Studio album by Uffie
- Released: June 14, 2010
- Recorded: 2005–2010
- Genre: Synth-pop; electronica; hip hop;
- Length: 48:03
- Label: Ed Banger; Because;
- Producer: Feadz; J-Mat; Mirwais; Mr. Oizo; Sebastian;

Uffie chronology
|  | Sex Dreams and Denim Jeans (2010) | Tokyo Love Hotel (2019) |

Singles from Sex Dreams and Denim Jeans
- "Pop the Glock" Released: November 30, 2009; "MCs Can Kiss" Released: January 12, 2010; "ADD SUV" Released: April 15, 2010; "Difficult" Released: October 18, 2010;

= Sex Dreams and Denim Jeans =

Sex Dreams and Denim Jeans is the debut studio album by French-American singer Uffie. It was released on June 14, 2010, by Ed Banger Records and Because Music. Produced by Feadz, J-Mat, Mr. Oizo, Mirwais and Sebastian, the album features guest appearances by Pharrell Williams and Mattie Safer of The Rapture, includes an "adaptation" of The Velvet Underground's "Rock & Roll" and a cover of Siouxsie and the Banshees' "Hong Kong Garden", which Uffie cited as one of her favorite songs.

The album peaked at number 17 on the Billboard Dance/Electronic Albums chart and number 18 on the UK Dance Albums Chart. Although reviews for the album were mixed, it was included on year-end critics' lists by several publications and was nominated at the 2011 French Victoires de la Musique for Best Electronic Album.

In 2012 it was awarded a silver certification from the Independent Music Companies Association which indicated sales of at least 20,000 copies throughout Europe.

Since the release of the album, Uffie's music is said to have "had a lasting and widespread influence in the 2010s".

==Release==

Uffie's record label Ed Banger Records first stated in late 2006 that her debut album would be released "mid-to-late 2007", then "sometime in 2008". Hectic traveling and touring schedules, her marriage and divorce, news of her pregnancy and growing as an artist delayed the release of the album. She stated that her new sound is very different with a much more mature sound and there would be more singing on the album than her previous EPs. She describes the album as "schizophrenic" and "worth the wait". On October 3, 2009, Busy P, founder and owner of Ed Banger Records, stated that Uffie's album had just been completed and was due out in spring 2010. Feadz, J-Mat, Mr.
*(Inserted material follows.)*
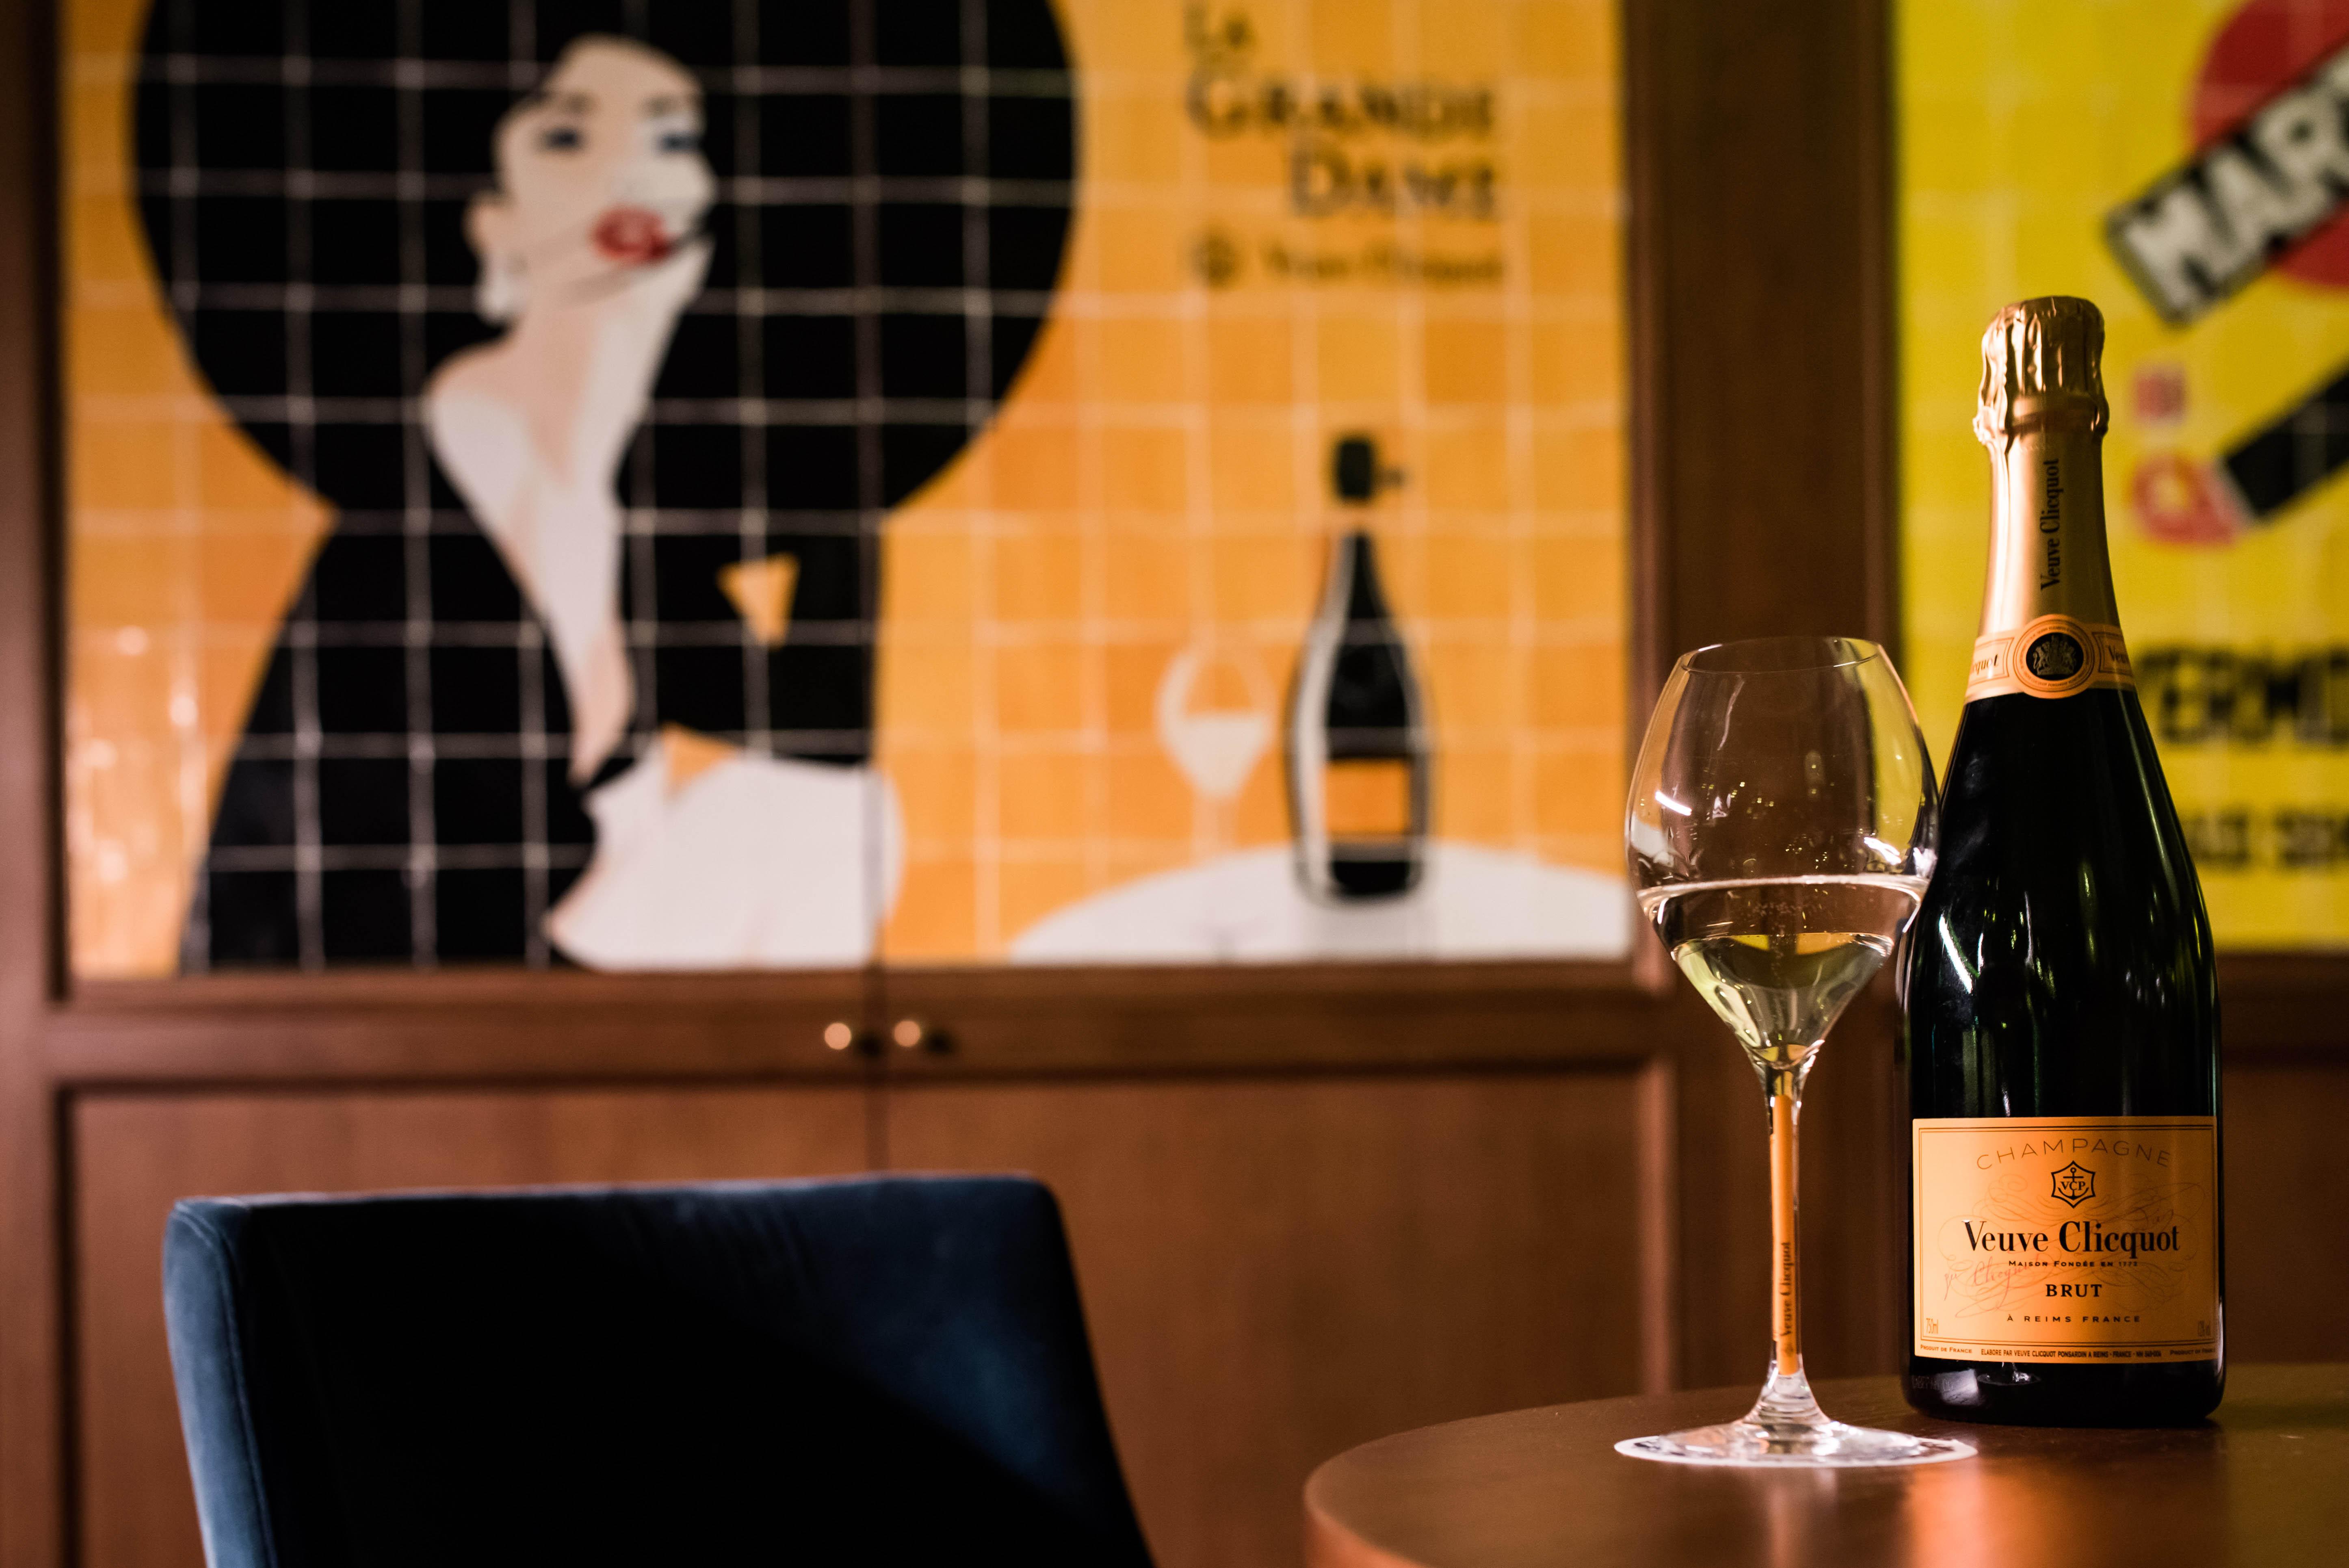 Veuve Clicquot y Velissima Restaurante y Club di mare crean el menú maridaje para disfrutar de la dolce vita
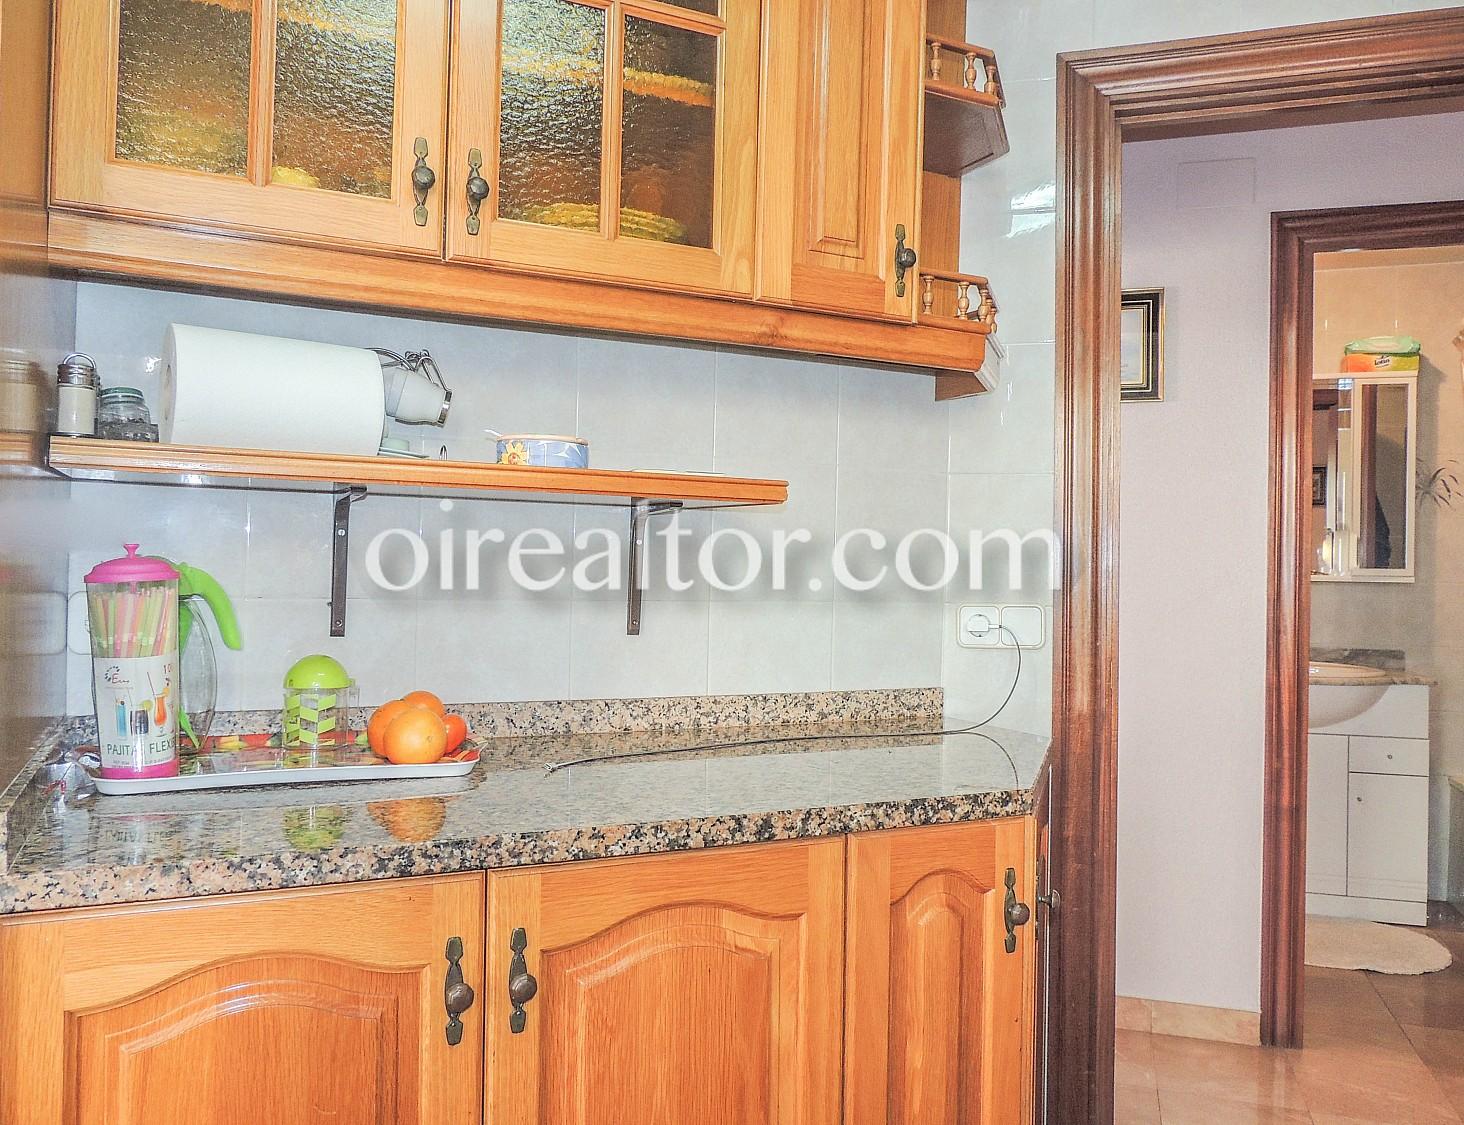 Продается квартира в Льорет-де-Мар

Oizo, Mirwais and Sebastian served as producers on the album, while both Pharrell Williams and Mattie Safer from The Rapture made guest appearances.

Before the release of the album there was a contract dispute between Uffie and Lou Reed as to who would be credited as the writer of the title track, "Sex Dreams and Denim Jeans", which once again delayed the album from "early 2010" to June 15, 2010. The track uses an instrumental sample of The Velvet Underground's song "Rock & Roll" and the only way Reed would allow her to use the sample was by calling "Sex Dreams and Denim Jeans" an "adaptation" of "Rock & Roll" and receiving the sole credit as the writer of the song as well. This dispute delayed the album by about six months; Uffie branded Reed "fucking difficult", and when asked if he had heard the song, she stated, "Yes he has, he had to clear it. And it was a very not nice experience dealing with him, I have to say. [...] I don't know what this guy's problem is but on the credits I think it even says something like he wrote it. He gets everything."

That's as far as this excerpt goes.